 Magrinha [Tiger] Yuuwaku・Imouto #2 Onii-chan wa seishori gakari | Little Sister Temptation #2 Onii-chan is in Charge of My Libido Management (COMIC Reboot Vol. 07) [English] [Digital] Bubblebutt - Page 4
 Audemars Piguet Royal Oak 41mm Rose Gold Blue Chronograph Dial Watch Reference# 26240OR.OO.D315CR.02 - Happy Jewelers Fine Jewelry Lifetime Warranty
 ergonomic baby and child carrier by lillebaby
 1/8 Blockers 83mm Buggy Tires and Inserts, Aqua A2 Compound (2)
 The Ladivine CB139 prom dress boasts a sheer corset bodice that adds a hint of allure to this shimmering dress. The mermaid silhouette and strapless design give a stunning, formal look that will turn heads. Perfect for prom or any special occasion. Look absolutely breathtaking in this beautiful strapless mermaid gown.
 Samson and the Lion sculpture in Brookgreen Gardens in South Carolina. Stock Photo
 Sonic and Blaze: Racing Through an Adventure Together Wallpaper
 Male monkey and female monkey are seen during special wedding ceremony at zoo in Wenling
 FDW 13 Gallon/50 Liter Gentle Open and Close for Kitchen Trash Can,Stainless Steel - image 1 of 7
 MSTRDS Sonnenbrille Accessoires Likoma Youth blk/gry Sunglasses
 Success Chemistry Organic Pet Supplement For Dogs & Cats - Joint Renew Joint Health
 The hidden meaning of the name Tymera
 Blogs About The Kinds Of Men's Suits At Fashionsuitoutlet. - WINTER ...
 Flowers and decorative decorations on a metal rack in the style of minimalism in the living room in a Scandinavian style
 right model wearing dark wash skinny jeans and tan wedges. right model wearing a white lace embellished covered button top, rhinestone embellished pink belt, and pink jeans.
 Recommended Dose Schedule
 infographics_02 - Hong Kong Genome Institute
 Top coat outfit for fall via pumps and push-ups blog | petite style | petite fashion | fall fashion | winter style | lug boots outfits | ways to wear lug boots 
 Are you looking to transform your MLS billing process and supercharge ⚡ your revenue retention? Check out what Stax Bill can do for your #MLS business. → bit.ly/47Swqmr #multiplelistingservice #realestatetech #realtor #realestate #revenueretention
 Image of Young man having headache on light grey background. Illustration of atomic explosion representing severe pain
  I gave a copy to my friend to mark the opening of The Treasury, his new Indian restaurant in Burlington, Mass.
——————————
> WHAT TO DO: Repeat the listing above exactly. Add nothing.

> EXERCISE ANSWER:
 Magrinha [Tiger] Yuuwaku・Imouto #2 Onii-chan wa seishori gakari | Little Sister Temptation #2 Onii-chan is in Charge of My Libido Management (COMIC Reboot Vol. 07) [English] [Digital] Bubblebutt - Page 4
 Audemars Piguet Royal Oak 41mm Rose Gold Blue Chronograph Dial Watch Reference# 26240OR.OO.D315CR.02 - Happy Jewelers Fine Jewelry Lifetime Warranty
 ergonomic baby and child carrier by lillebaby
 1/8 Blockers 83mm Buggy Tires and Inserts, Aqua A2 Compound (2)
 The Ladivine CB139 prom dress boasts a sheer corset bodice that adds a hint of allure to this shimmering dress. The mermaid silhouette and strapless design give a stunning, formal look that will turn heads. Perfect for prom or any special occasion. Look absolutely breathtaking in this beautiful strapless mermaid gown.
 Samson and the Lion sculpture in Brookgreen Gardens in South Carolina. Stock Photo
 Sonic and Blaze: Racing Through an Adventure Together Wallpaper
 Male monkey and female monkey are seen during special wedding ceremony at zoo in Wenling
 FDW 13 Gallon/50 Liter Gentle Open and Close for Kitchen Trash Can,Stainless Steel - image 1 of 7
 MSTRDS Sonnenbrille Accessoires Likoma Youth blk/gry Sunglasses
 Success Chemistry Organic Pet Supplement For Dogs & Cats - Joint Renew Joint Health
 The hidden meaning of the name Tymera
 Blogs About The Kinds Of Men's Suits At Fashionsuitoutlet. - WINTER ...
 Flowers and decorative decorations on a metal rack in the style of minimalism in the living room in a Scandinavian style
 right model wearing dark wash skinny jeans and tan wedges. right model wearing a white lace embellished covered button top, rhinestone embellished pink belt, and pink jeans.
 Recommended Dose Schedule
 infographics_02 - Hong Kong Genome Institute
 Top coat outfit for fall via pumps and push-ups blog | petite style | petite fashion | fall fashion | winter style | lug boots outfits | ways to wear lug boots 
 Are you looking to transform your MLS billing process and supercharge ⚡ your revenue retention? Check out what Stax Bill can do for your #MLS business. → bit.ly/47Swqmr #multiplelistingservice #realestatetech #realtor #realestate #revenueretention
 Image of Young man having headache on light grey background. Illustration of atomic explosion representing severe pain
  I gave a copy to my friend to mark the opening of The Treasury, his new Indian restaurant in Burlington, Mass.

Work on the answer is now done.